Some well known systems are:
- WGS 84 (EPSG:4326), a geodetic (sphere) system, measures in degrees north and east. Coordinates from GPS are in this system.
- WGS 84 / Pseudo-Mercator (EPSG:3857), a projected (flat) system, measures in meters easting and northing (X,Y).
Measuring distances in WGS 84 will give results in degrees, which are not great to work with.
The Pseudo-Mercator projection is created to visualize our not so flat world on a flat map using square tiles. Google Maps, Open Streetmap, etc. As a flat piece of paper doesn't fit around a football without folding it, you can imagine this is not the correct system to measure distances on:
Uses spherical development of ellipsoidal coordinates. Relative to WGS 84 / World Mercator (CRS code 3395) errors of 0.7 percent in scale and differences in northing of up to 43km in the map (equivalent to 21km on the ground) may arise.
To overcome this problem there are a lot of projected systems which cover smaller pieces of the world.
So, if you know the CRS your data is in and what projected CRS the data is on, you can reproject or transform the data to the projected CRS and measure more correct distances.
- Find the current CRS the dataset is on.
In QGIS, right click the layer, hit properties. Check the tab General. That was easy. Looks like Pseudo-Mercator to me.
- Find a proper projected CRS.
In a browser, hit http://epsg.io and hit the name of the country the data is in. In my case, Netherlands. Hit Projected to filter only projected systems, choose one of your liking, in this example Amersfoort / RD New (EPSG:28992).
Important: Double check if your data fits in the extends of the system. Measuring outside the system technically works but the results will be off without warnings.
- Change the Project CRS to the projected system.

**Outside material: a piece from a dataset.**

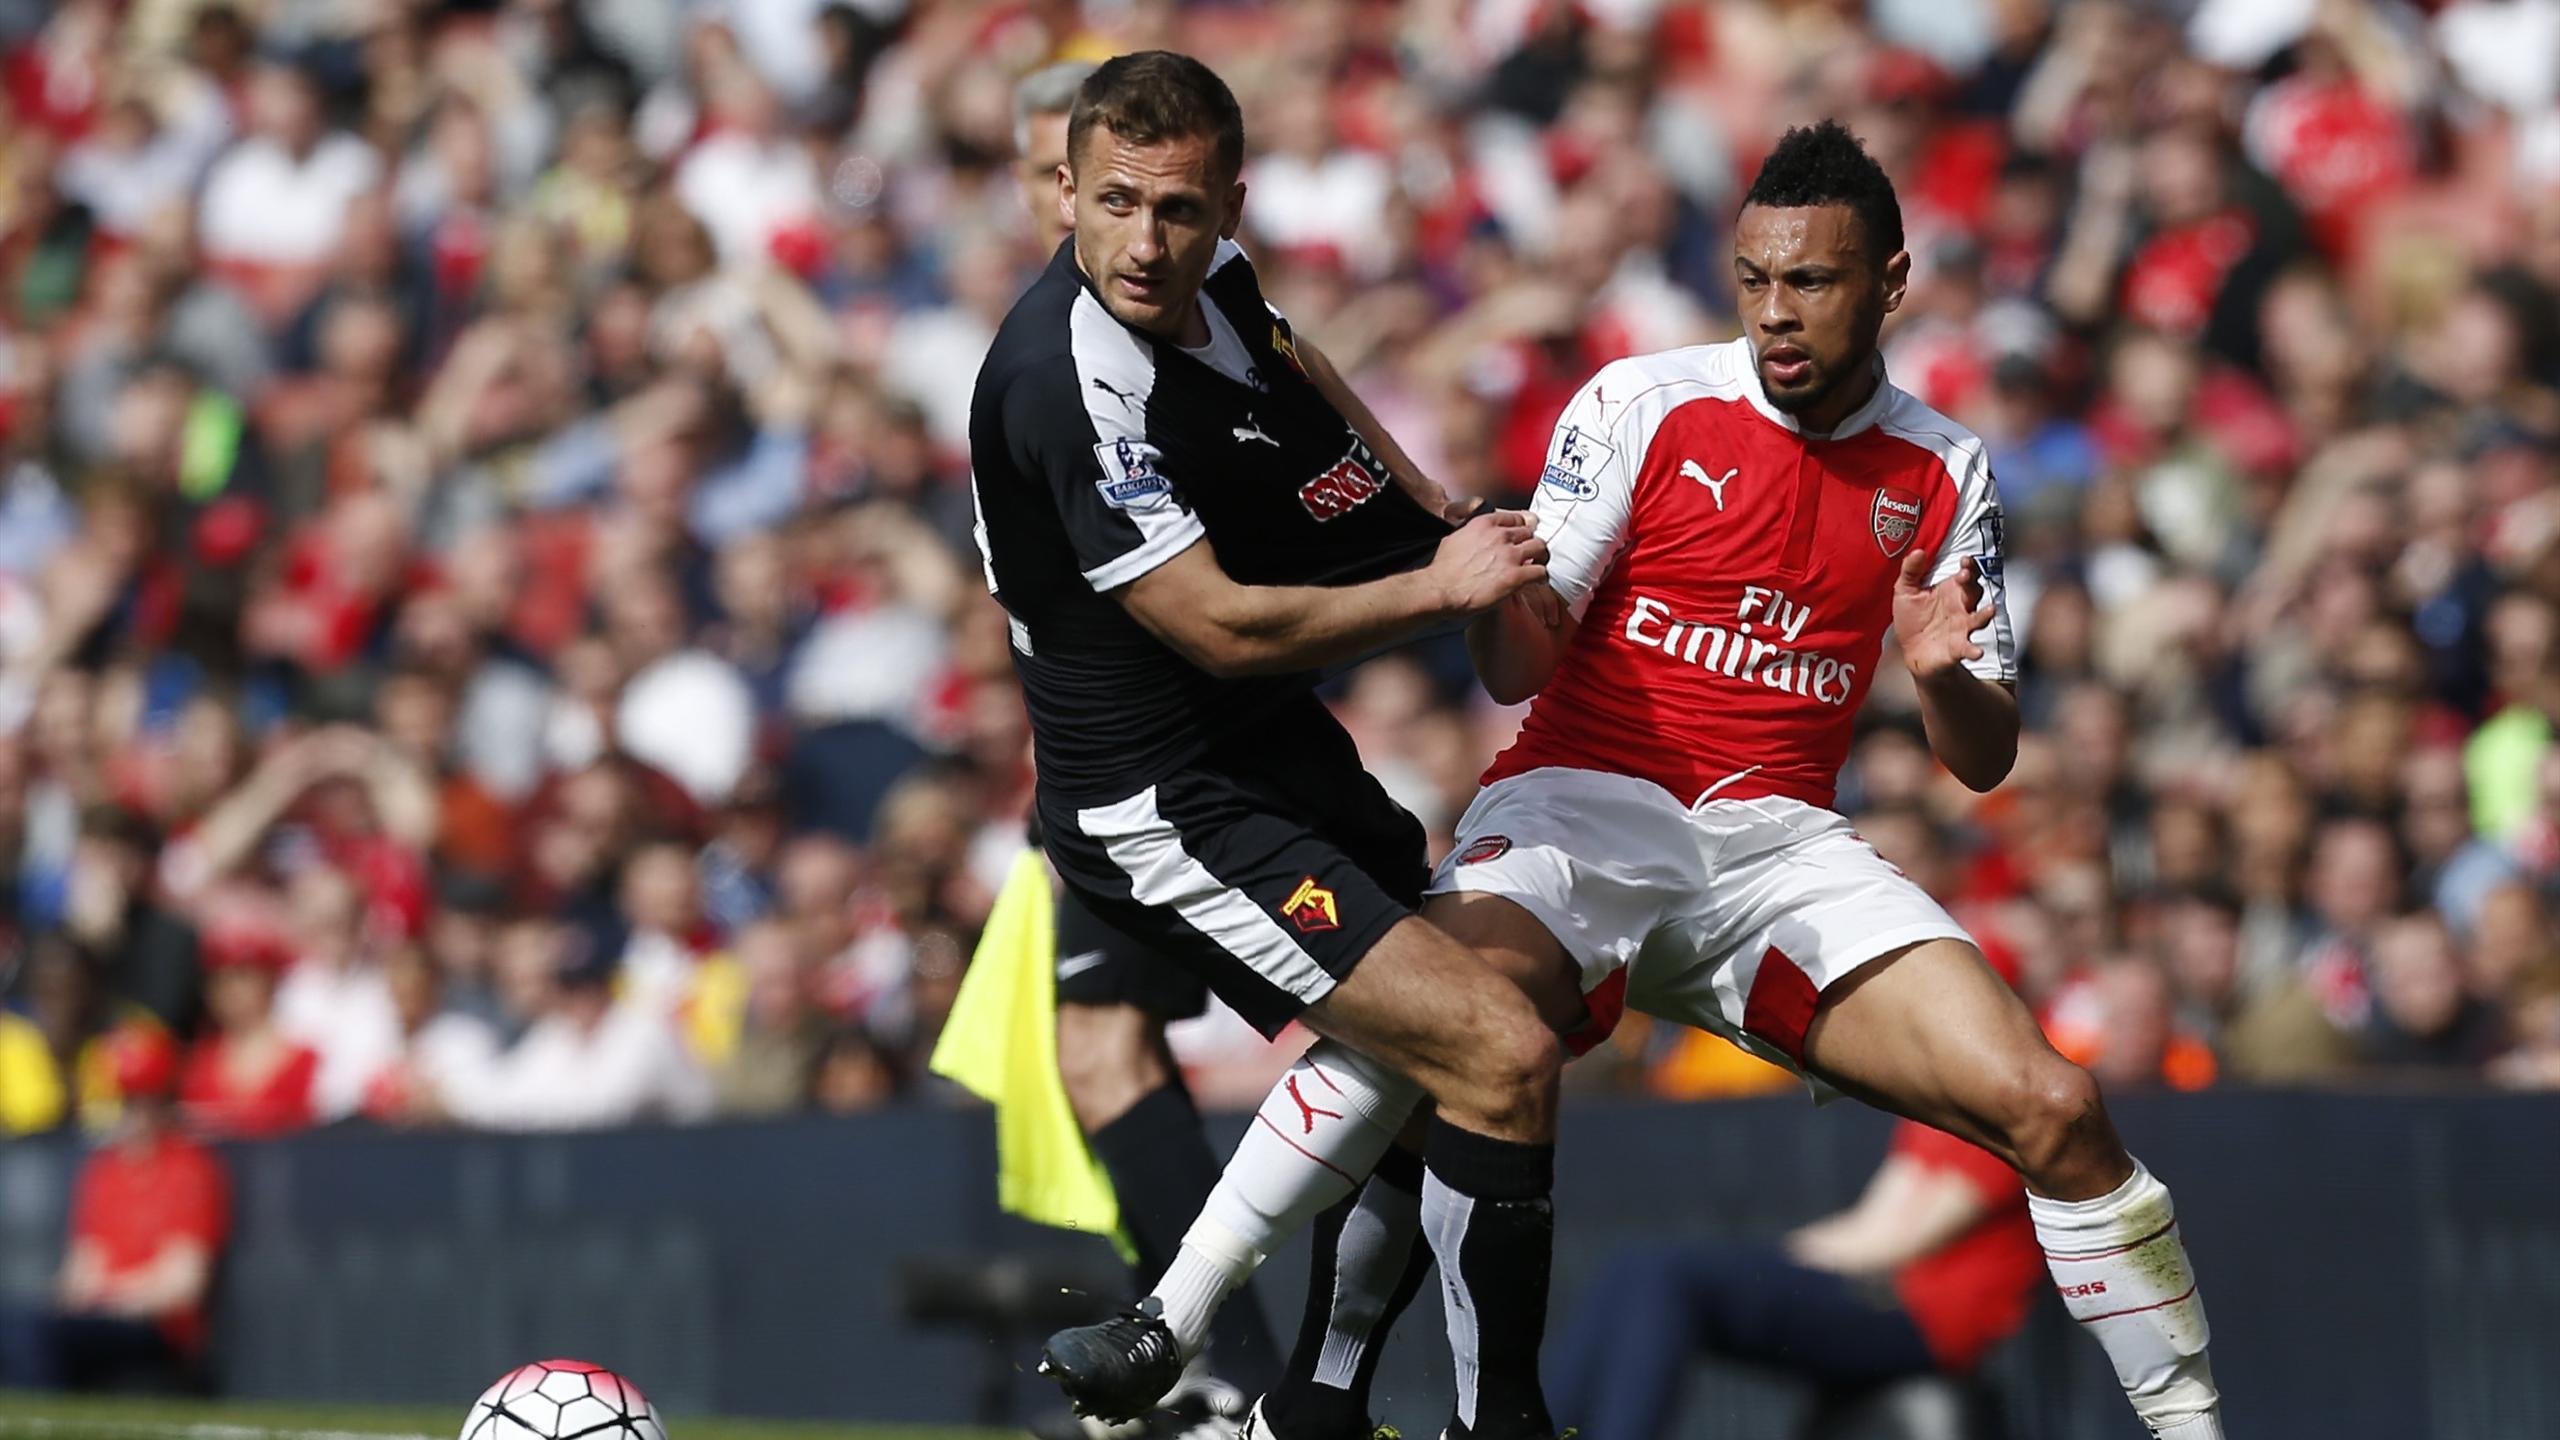 Watford's Yugoslavian-born Swiss midfielder Almen Abdi (L) vies with Arsenal's French midfielder Francis Coquelin

In QGIS, click Project, Project Properties... tab CRS. Search (use the EPSG code) and select the correct CRS. If you have layers on other CRS's, mark "Enable 'on the fly' CRS transformation (OTF)". This way the data will be reprojected to the project CRS while panning and zooming. This will hurt your performance. Reprojecting the data (Processing Toolbox, Reproject Layer) will fix this.